# Installing shower in basement



## braindead (May 31, 2010)

I think you have to go to plan B, the hook-up you have now is completly illegal! :no:


----------



## acerunner (Dec 16, 2009)

i second plan b.


----------



## oh'mike (Sep 18, 2009)

You will be happier with plan B--That will give you a chance to install a washer drain box,too,If you wish to modernize the whole area..


----------



## jobblyman (Sep 15, 2010)

Thanks for the replies. Got held up and now getting back to the basement. Completely illegal?! My house was built in 1966 and there is just the floor drain in that room, which the utility sink and the washer use. I guess that was how laundry rooms were set up back in the day?


----------



## oh'mike (Sep 18, 2009)

Post a picture ,if you can.----You have a freefall drain set up there---not illegal--used in restaurant kitchens all the time---However, your new shower will look like a funky temporary rig that will not add value to the house at all---

If a temporary,make due for now,quality of work suits the job---plan A

If you want the work to improve the house--Plan B


----------



## secutanudu (Mar 15, 2009)

Doesn't each fixture require its own trap?


----------



## oh'mike (Sep 18, 2009)

You know,that may be code in residences---I'd tear the floor open and do it right myself.

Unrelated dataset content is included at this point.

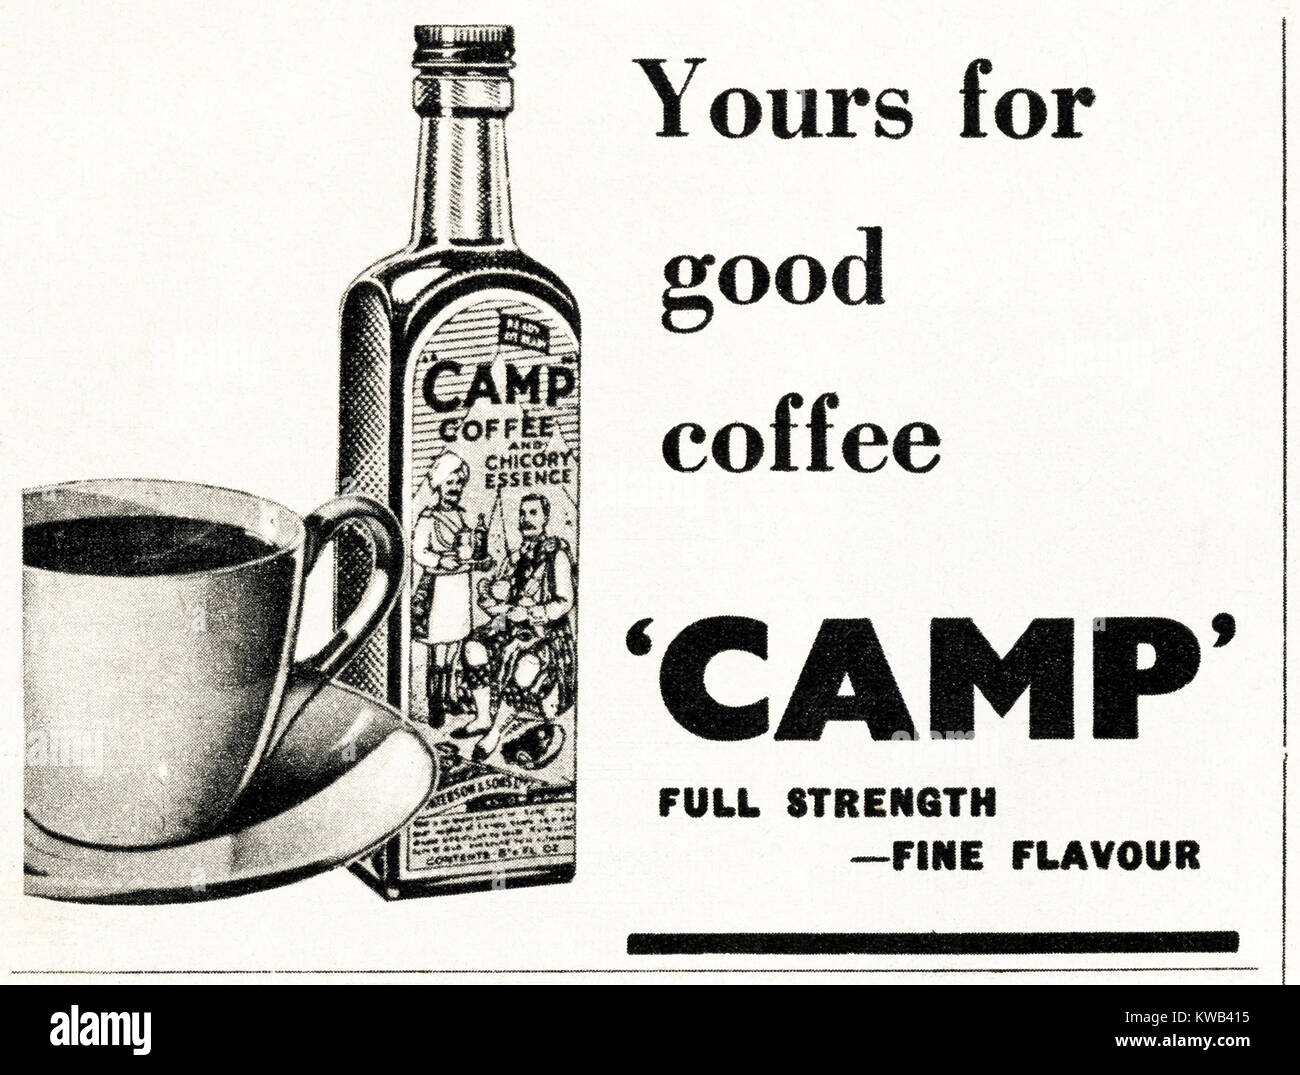 1940s vecchio vintage originale inserzione pubblicitaria Caffè Camp con essenza di cicoria in magazine circa 1947 quando i materiali di consumo sono state ancora limitato sotto il razionamento del dopoguerra Foto Stock

In a commercial kitchen several fixtures can share a free fall---I have never seen a free fall drain in a residence.


----------



## secutanudu (Mar 15, 2009)

oh'mike said:


> You know,that may be code in residences---


I'm not sure if it's code...but I've heard it mentioned here...


----------



## oh'mike (Sep 18, 2009)

A funky installation like that will not improve the house--just drag the value down---

I like to do things right or not at all----------------


----------



## the_man (Aug 14, 2010)

In my code, a shower cannot be run as indirect waste. Also, any indirect waste piping that is over 5' in length must be trapped regardless of where it drains


----------



## jobblyman (Sep 15, 2010)

OK thank you again for the replies. It's nice talking DIY, as all my friends have children or condos so no DIY chat there. I tend to agree with Mike about doing things right, I just tend to also be cheap. 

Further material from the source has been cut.